Activity 7: Dummy Variables

Solution

  1. Plot the raw data (df) and moving average (rolling):

    fig = plt.figure(figsize=(10, 7))
    ax = fig.add_axes([1, 1, 1, 1]);
    
    # Temp measurements
    ax.scatter(df_first_year.DayOfYear, df_first_year.TempAvgF, label='Raw Data');
    ax.plot(df_first_year.DayOfYear, rolling, c='r', label=f'{window} day moving average');
    
    ax.set_title('Daily Mean Temperature Measurements')
    ax.set_xlabel('Day')
    ax.set_ylabel('Temperature (degF)')
    ax.set_xticks(range(1, 366), 10)
    ax.legend();

    The output will be:

    Figure 3.84: Scatterplot of Temperature throughout the year

  2. Looking at the preceding plot, there seems to be an inflection point around day 250. Create a dummy variable to introduce this feature into the linear model:

    df_first_year.loc[:,'inflection'] = [1 * int(i < 250) for i in df_first_year.DayOfYear]
  3. Check the first and last samples to confirm that the dummy variable is correct. Check the first five samples:

    df_first_year.head()

    The output will be as follows:

    Figure 3.85: First five columns

    Then, check the last five samples:

    df_first_year.tail()

    The output will be:

    Figure 3.86: Last five columns

  4. Use a least squares linear regression model and fit the model to the DayOfYear values and the dummy variable to predict TempAvgF:

    # Note the year values need to be provided as an N x 1 array
    model = LinearRegression()
    model.fit(df_first_year[['DayOfYear', 'inflection']], df_first_year.TempAvgF)
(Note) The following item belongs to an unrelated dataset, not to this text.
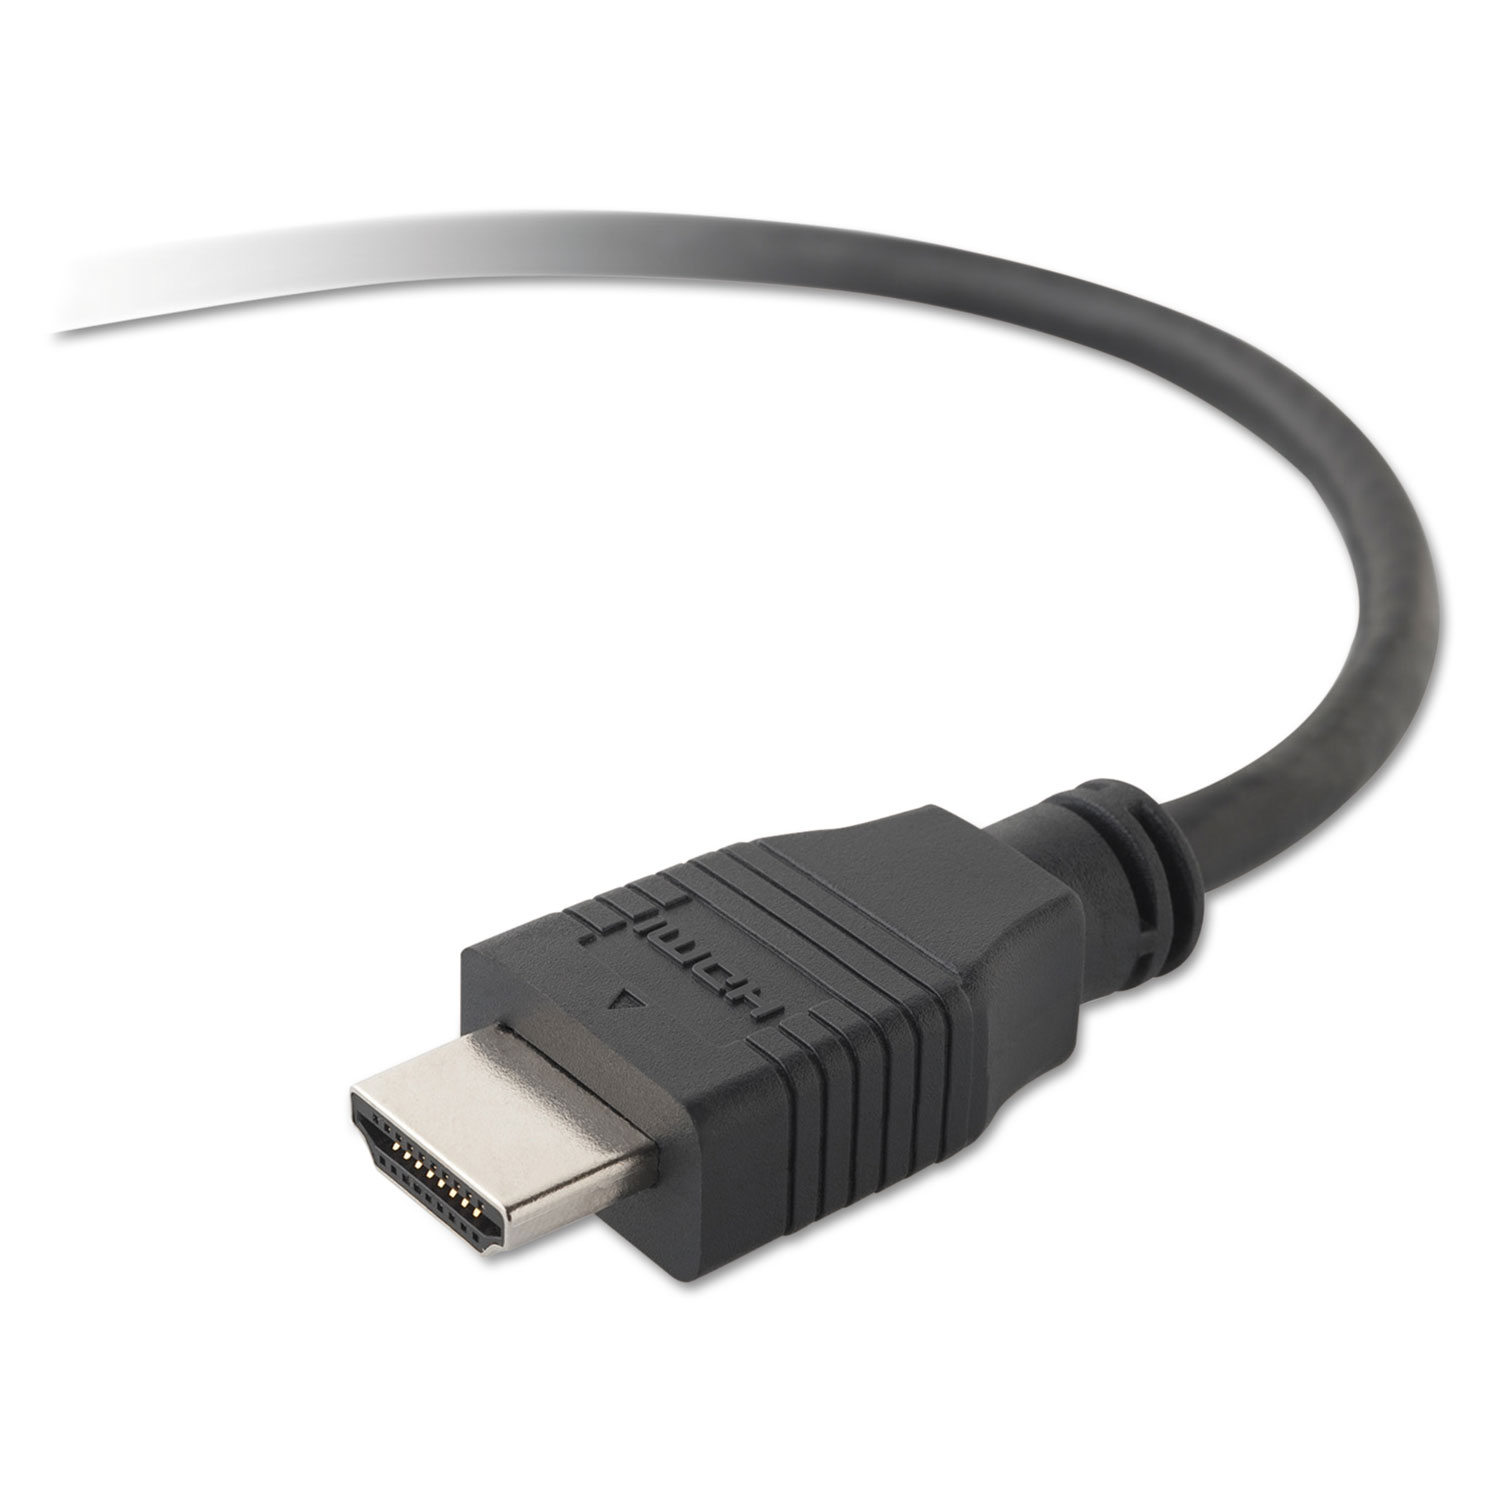  Belkin F8V3311B25 HDMI to HDMI Audio/Video Cable, 25 ft., Black (BLKF8V3311B25)

    The output will be as follows:

    LinearRegression(copy_X=True, fit_intercept=True, n_jobs=None,
             normalize=False)
  5. Compute the r2 score:

    # Note the year values need to be provided as an N x 1 array
    r2 = model.score(df_first_year[['DayOfYear', 'inflection']], df_first_year.TempAvgF)
    print(f'r2 score = {r2:0.4f}')

    The output will be as follows:

    r2 score = 0.3631
  6. Using the DayOfYear values, create a set of predictions using the model to construct a trendline:

    trend_y = model.predict(df_first_year[['DayOfYear', 'inflection']].values)
    trend_y

    The output will be:

    array([51.60311133, 51.74622654, 51.88934175, 52.03245696, 52.17557217,
           52.31868739, 52.4618026 , 52.60491781, 52.74803302, 52.89114823,
           53.03426345, 53.17737866, 53.32049387, 53.46360908, 53.60672429,
           53.7498395 , 53.89295472, 54.03606993, 54.17918514, 54.32230035,
           54.46541556, 54.60853078, 54.75164599, 54.8947612 , 55.03787641,
    …
    …
           73.88056649, 74.0236817 , 74.16679692, 74.30991213, 74.45302734,
           74.59614255, 74.73925776, 74.88237297, 75.02548819, 75.1686034 ,
           75.31171861, 75.45483382, 75.59794903, 75.74106425, 75.88417946,
           76.02729467, 76.17040988, 76.31352509, 76.4566403 , 76.59975552,
           76.74287073, 76.88598594, 77.02910115, 77.17221636, 77.31533157])
  7. Plot the trendline against the data and the moving average:

    fig = plt.figure(figsize=(10, 7))
    ax = fig.add_axes([1, 1, 1, 1]);
    
    # Temp measurements
    ax.scatter(df_first_year.DayOfYear, df_first_year.TempAvgF, label='Raw Data');
    ax.plot(df_first_year.DayOfYear, rolling, c='r', label=f'{window} day moving average');
    ax.plot(df_first_year.DayOfYear, trend_y, c='k', label='Model: Predicted trendline')
    
    ax.set_title('Daily Mean Temperature Measurements')
    ax.set_xlabel('Day')
    ax.set_ylabel('Temperature (degF)')
    ax.set_xticks(range(1, 366), 10)
    ax.legend();

    The output will be as follows:

    Figure 3.87: Predicted trendline

Activity 8: Other Model Types with Linear Regression

Solution

  1. Use a sine curve function as the basis of the model:

    # Using a sine curve
    df_first_year['DayOfYear2'] = np.sin(df_first_year['DayOfYear'] / df_first_year['DayOfYear'].max())
    df_first_year.head()

    The output will be as follows:

    Figure 3.88: First five rows

  2. Fit the model:

    # Note the year values need to be provided as an N x 1 array
    model = LinearRegression()
    model.fit(df_first_year[['DayOfYear2', 'DayOfYear']], df_first_year.TempAvgF)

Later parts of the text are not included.